Table 4 shows the protein groups inferred from our formula. I′ ≥ 50% corresponds to Dayhoff's definition of protein families. The largest group (139 members) contains the L1 reverse transcriptase (RT) and sequences with high I′ values with L1 RT. This is surprising, but many ‘known’ and predicted proteins contain (truncated) L1 RT; note also that many L1 RTs may still be nearly intact in the human genome. The second largest group (129 members) contains 91 immunoglobulin heavy chains, 1 rheumatoid factor, 6 unnamed proteins and 31 predicted proteins; the third (124 members) contains 85 immunoglobulin light chains, 2 heavy chains, 1 microfibrillar protein, 2 unnamed proteins and 34 predicted proteins; the fourth (104 members) contains 38 zinc finger proteins, 6 unnamed proteins and 60 predicted proteins; and the fifth (51 members) contains 16 olfactory receptors and 35 predicted proteins. This criterion identifies 3,007 families, 2,041 of which are two-protein families. These should be taken as minimum estimates because many human genes remain unidentified. For I′ ≥ 40%, the zinc finger group becomes the largest, and the L1 RT and olfactory receptor groups become the second and third largest. For I′ ≥ 30%, the five largest groups are zinc finger proteins, olfactory receptors, immunoglobulins (both light and heavy chains), L1 RTs and keratins. For I′ ≥ 25%, some of the largest groups become very heterogeneous, indicating that at this level of similarity it requires a more rigorous analysis to determine whether two proteins are related.

The I′ ≥ 30% criterion identifies 3,982 superfamilies (Table 4). Although some of the groupings may be false positives, this number may represent a minimum estimate because many human genes remain unidentified and because many of the proteins in the ‘singleton’ groups (25,237) may actually be related to each other. Taking the data at face value, the proportion of ‘singleton’ groups is 25,237/40,580 = 62% of the total ‘proteins’ in our ‘cleaned’ database. This may be an overestimate, but should be taken cautiously because many of the ‘singletons’ may be false positive and because the total number of human genes remains unknown.

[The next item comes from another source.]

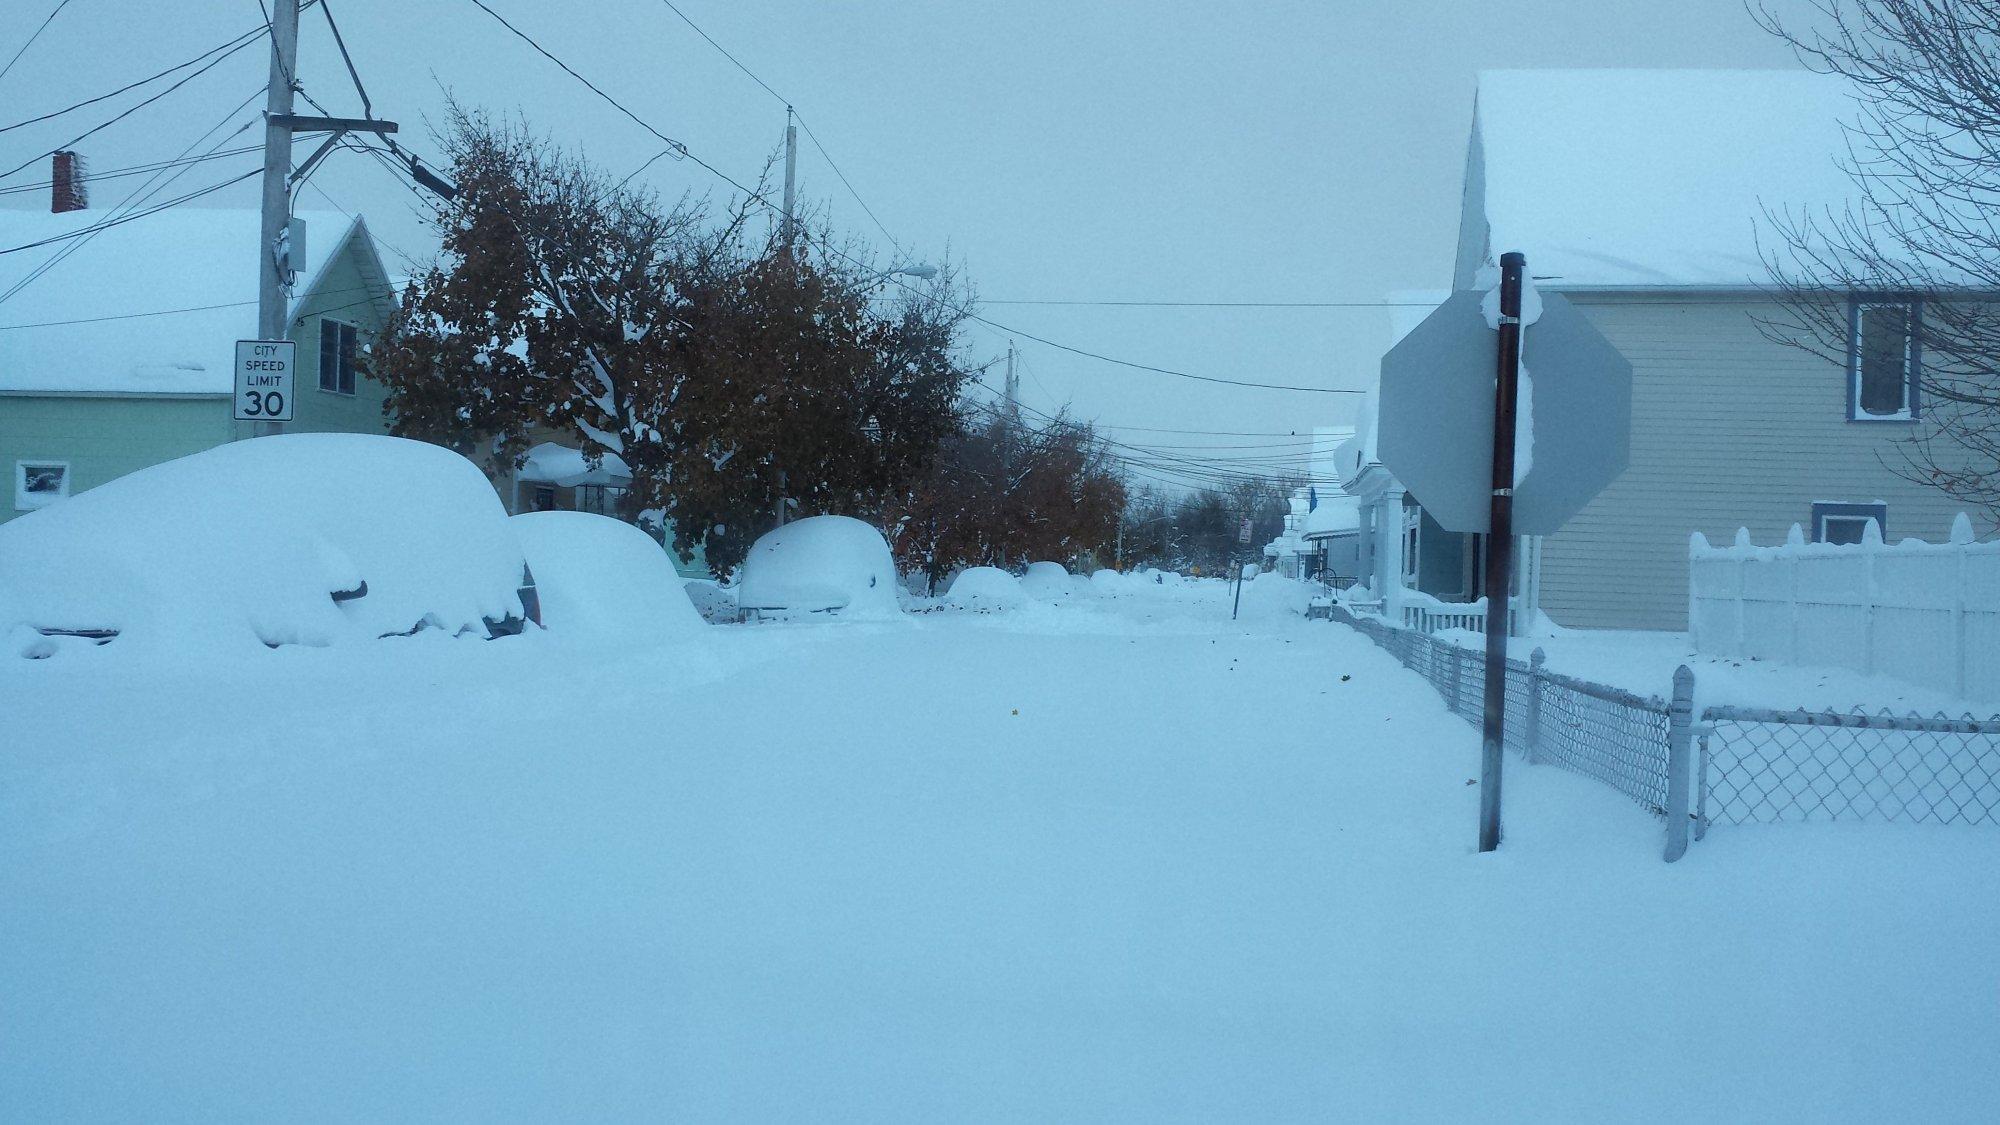 Buffalo, New York buried in 6 feet of snow.

Our analysis has provided some insights into the evolutionary genomics of the human genome. There are many repetitive elements in our genome (Table 1), and they may have been very important in the evolution of mammalian proteins (Table 2). Domain sharing is common among proteins, and many domain arrangements have been conserved (Table 3). But many challenges remain. For example, as the number of human genes is still unknown, it remains unclear how many human genes exist as single copies. Reliable annotation of the human genome and clean databases of human genes and proteins are required for a rigorous analysis. In addition, better tools are needed for analysis. Single linkage does not seem appropriate for clustering proteins. Finally, better methods are needed for deciding whether two proteins are homologous, especially for short proteins.